- Region 2 DVD cover
- Genre: Drama
- Starring: Jaime Winstone; Olivia Colman; Lennie James; Katie Leung;
- Country of origin: United Kingdom
- Original language: English
- No. of series: 1
- No. of episodes: 4

Production
- Executive producer: Jaimie D’Cruz;
- Producer: Chris Carey;
- Production location: London
- Running time: 42 minutes
- Production company: Acme Films

Original release
- Network: Channel 4
- Release: 15 July – 18 July 2013

= Run (British TV series) =

British TV drama

Run is a British drama serial created by Jonathan Pearson, Marlon Smith, and Daniel Fajemisin-Duncan, and written by Marlon Smith and Daniel Fajemisin-Duncan for Channel 4. The series premiered on 15 July 2013 and ended on 18 July 2013, and was broadcast on Hulu on 20 August 2013. The series comprises four episodes, each focused on one character among the four leads - Carol (Olivia Colman), Ying (Katie Leung), Richard (Lennie James) and Kasia (Katharina Schüttler) - and shows how each character's decisions affect that character and the others.

== Plot ==

The series reveals the interconnectedness of apparently separate lives, through the stories of four people faced with choices in a world where survival is never a given.

== Cast ==

- Tara - Jaime Winstone
- Carol - Olivia Colman
- Richard - Lennie James
- Ying - Katie Leung
- Kasia - Katharina Schüttler
- Jimmy - Nav Sidhu
- Jamal - Gershwyn Eustache Jnr
- Gao - Benedict Wong
- Tomek - Levan Doran
- DC Holt - Marie Critchley
- Zak - Vincenzo Nicoli
- Jon Jon - Brad Damon
- DC Burgess - Chris Jarman
- Lin - Tina Chiang

== Episodes ==

| No. | Title | Directed by | Written by | Original release date | UK viewers (millions) |
| 1 | "Carol" | Charles Martin | Daniel Fajemisin-Duncan, Marlon Smith | 15 July 2013 | 1.99 |
Carol is a tough single mother striving to keep her family together.
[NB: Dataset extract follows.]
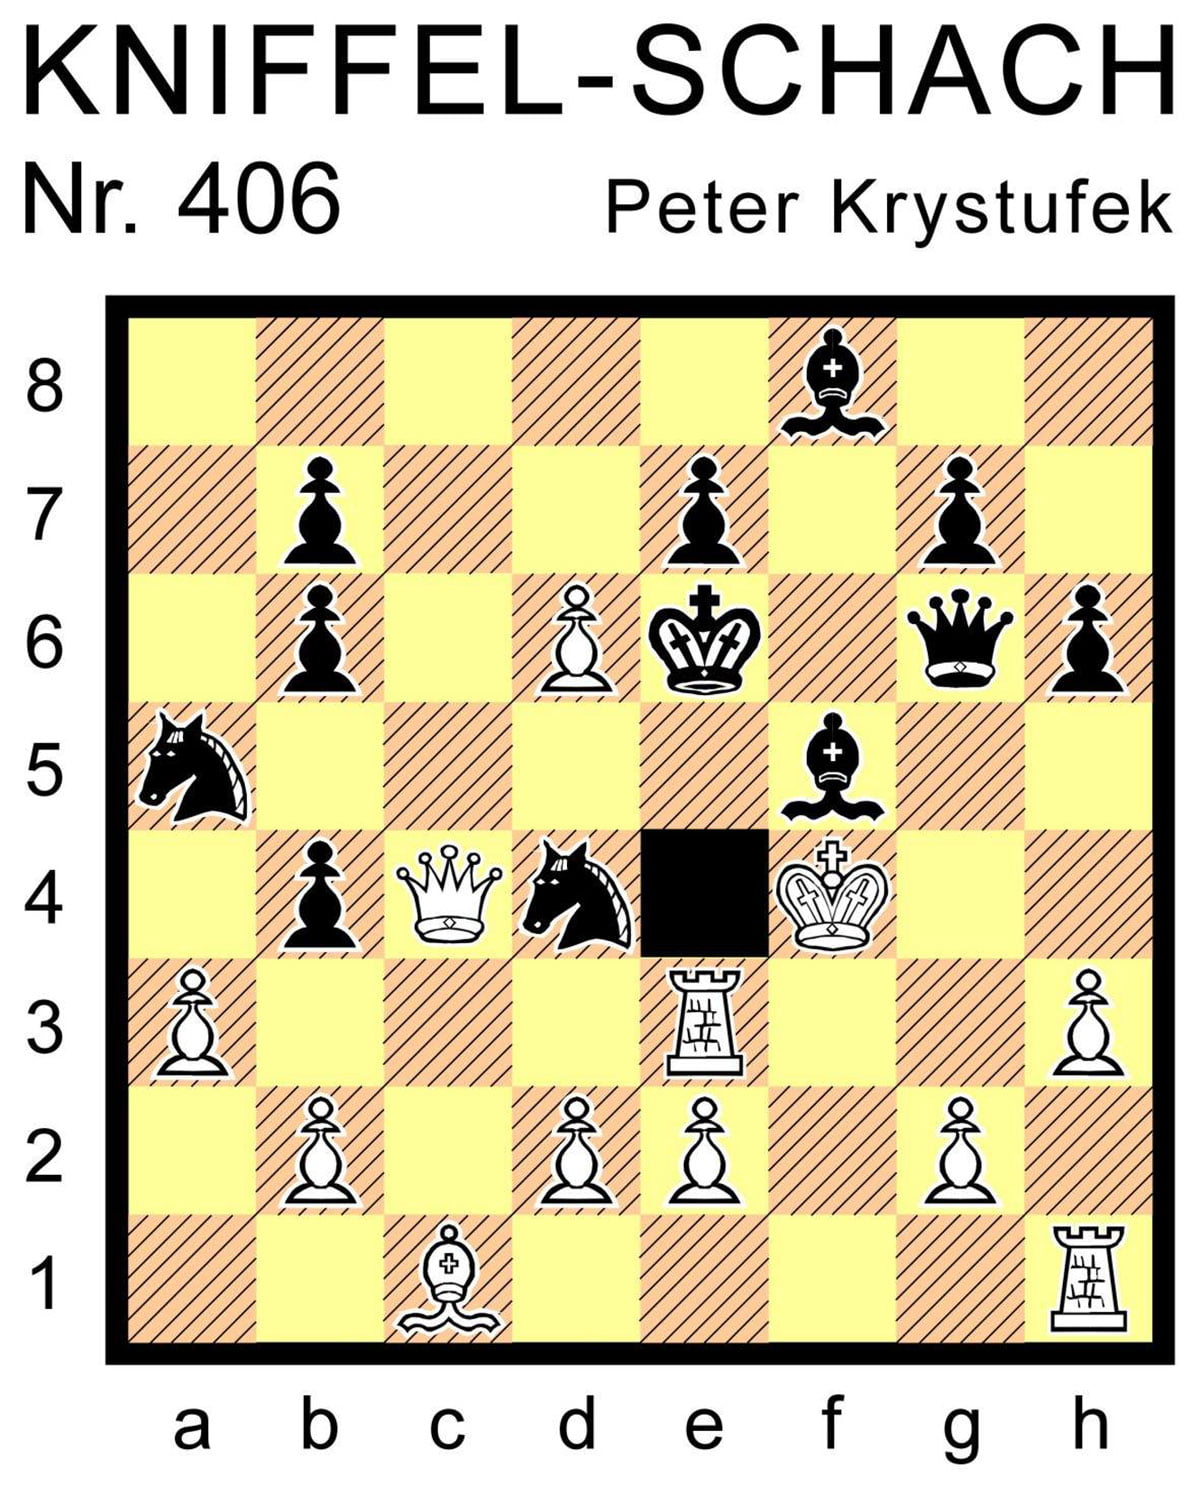 Kniffel-Schach Nr. 406

When her teenage sons commit an act of random violence that ends in a stranger's death, Carol faces the impossible choice of protecting her children or doing the right thing.
| 2 | "Ying" | Charles Martin | Daniel Fajemisin-Duncan, Marlon Smith | 16 July 2013 | 1.71 |
Ying is an illegal immigrant from the Fujian province of China, who sells unlicensed DVDs and stolen mobile phones at barbershops, cafés, and pubs around Brixton.
| 3 | "Richard" | Jonathan Pearson | Daniel Fajemisin-Duncan, Marlon Smith | 17 July 2013 | 1.39 |
Richard is a recovering heroin addict who spends every day struggling to stay clean. Only one thing spurs him on: the possibility of re-establishing contact with his teenage daughter.
| 4 | "Katrina" | Jonathan Pearson | Daniel Fajemisin-Duncan, Marlon Smith | 18 July 2013 | 1.11 |
Kasia is a young Polish woman who originally came to London filled with hope. Years later, she is still working as a cleaner, struggling to make ends meet, and contending with a gambling-addicted boyfriend.

== DVD releases ==

| Name | Region 1 | Region 2 | Region 4 | Discs |
|---|---|---|---|---|
| Series One | —N/a | 22 July 2013 | —N/a | 2 |

== Reception ==
The Express has praised Run, calling it "inventive" and citing Jaime Winstone as a highlight. The Scotsman was slightly more mixed in their review, commenting that: "This gritty, grim drama will win awards but, perhaps, be too hard-going for many."